In the use of the pardon and the veto, Coolidge distinguishes himself as anything but a timid President. Of his twenty-nine predecessors, and his immediate successor, he ranks second only to Wilson in the number of pardons granted during his time. Of his 1,545, his most noteworthy were made at the beginning of his administration, on behalf of several who had been imprisoned for their public criticism of Wilson’s involvement in the War. Even more extraordinary was the fact that he issued these pardons not only over his Attorney General’s opposition but also before request for release had been made. His fifty vetoes stand also set Coolidge apart from his contemporaries. Only Teddy Roosevelt would issue more of them in the first thirty years of the twentieth century. Not until Teddy’s cousin would the record be broken. Standing in the company of Roosevelts, Coolidge can hardly be classified a passive President. Like Grover Cleveland before him, Coolidge would use the “pocket veto” with great effect as well. By allowing a bill to die after ten days unsigned during Congressional recess, Coolidge would leave a lasting impact on the potency of the veto. His firm dissent from McNary-Haugen — twice — ensured that the President’s role in preventing bad legislation remains intact.

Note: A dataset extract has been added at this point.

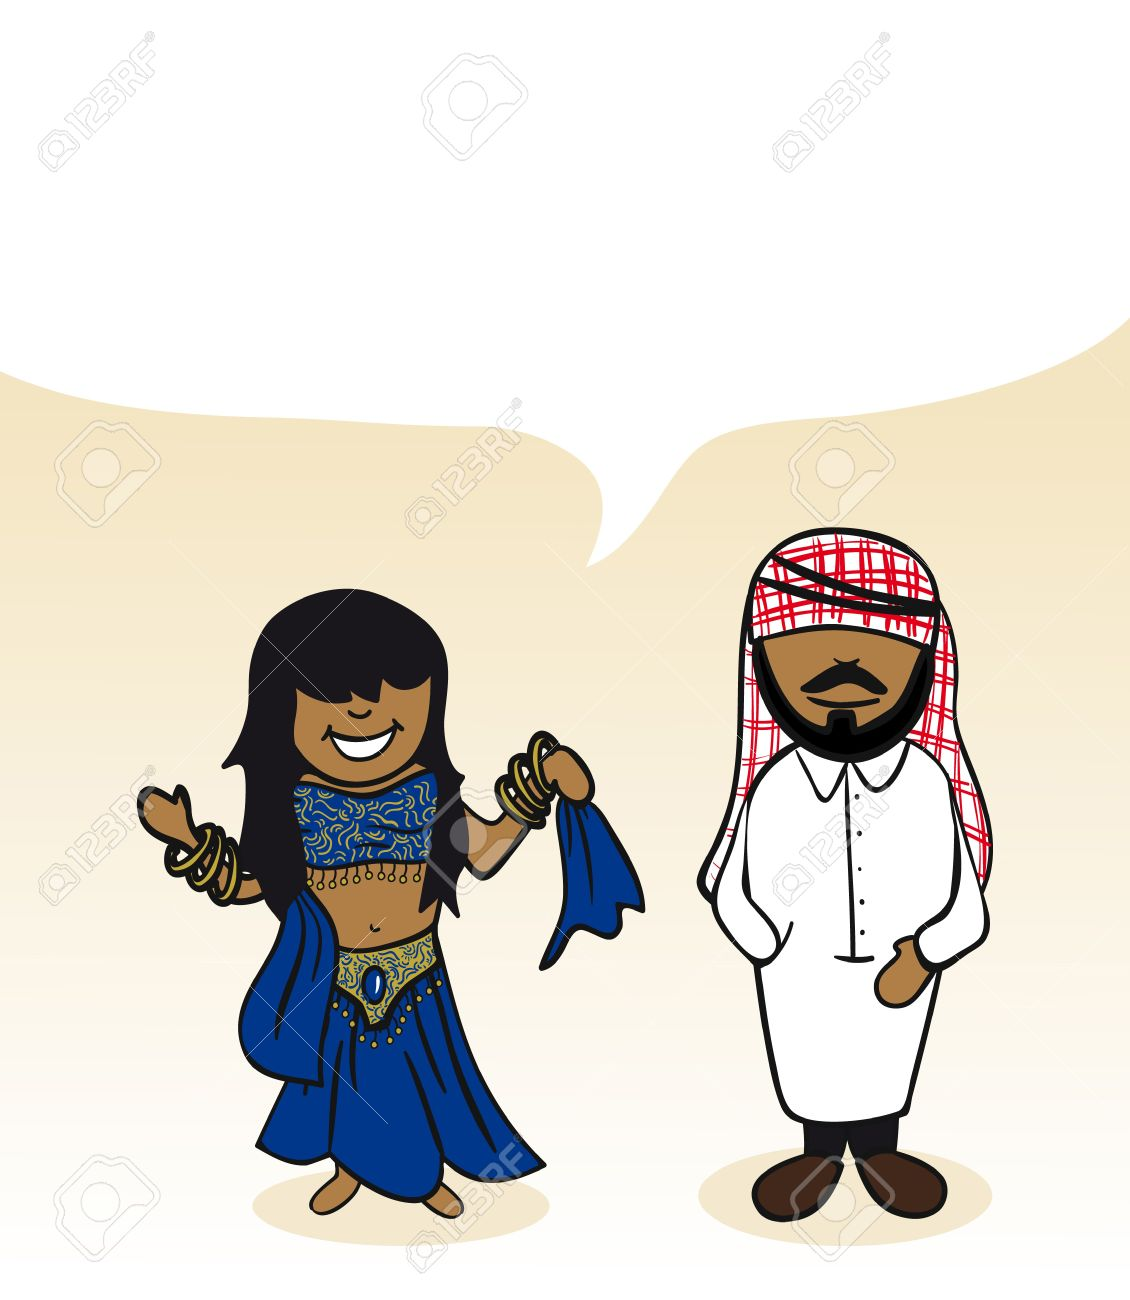 Arabian man and woman cartoon couple with social media bubble. Stock Vector - 21280303

Coolidge’s political courage is even lesser known but just as dominant in his protection of the constitutional power to appoint officers of the Executive Branch. The earliest tussles with Congress demonstrated Coolidge could retain his nerves, remain unmoved by “mob” demands for this or that resignation and eventually prevail despite intense political heat. His resolve was not merely stubbornness but rather an abiding sense of duty and integrity. He would not join the crowd in a political lynching, however badly they wanted it. He was fair even to those who proved unfit for responsibility. He would not give in to appearances nor would he condone wrongdoing. As pointed out by others, it actually takes more strength to refrain from acting until the right moment — especially in the heat of the moment — than it is to be seen doing something now to appease onlookers with appearances. It was Coolidge who exemplified the strength of character required for decisive action only when the fullness of time warranted it. Not before. His strength, considered “weakness” by many even today, is a necessary component of wise leadership. To discount this quality is to misunderstand and fail to appreciate what makes good leaders.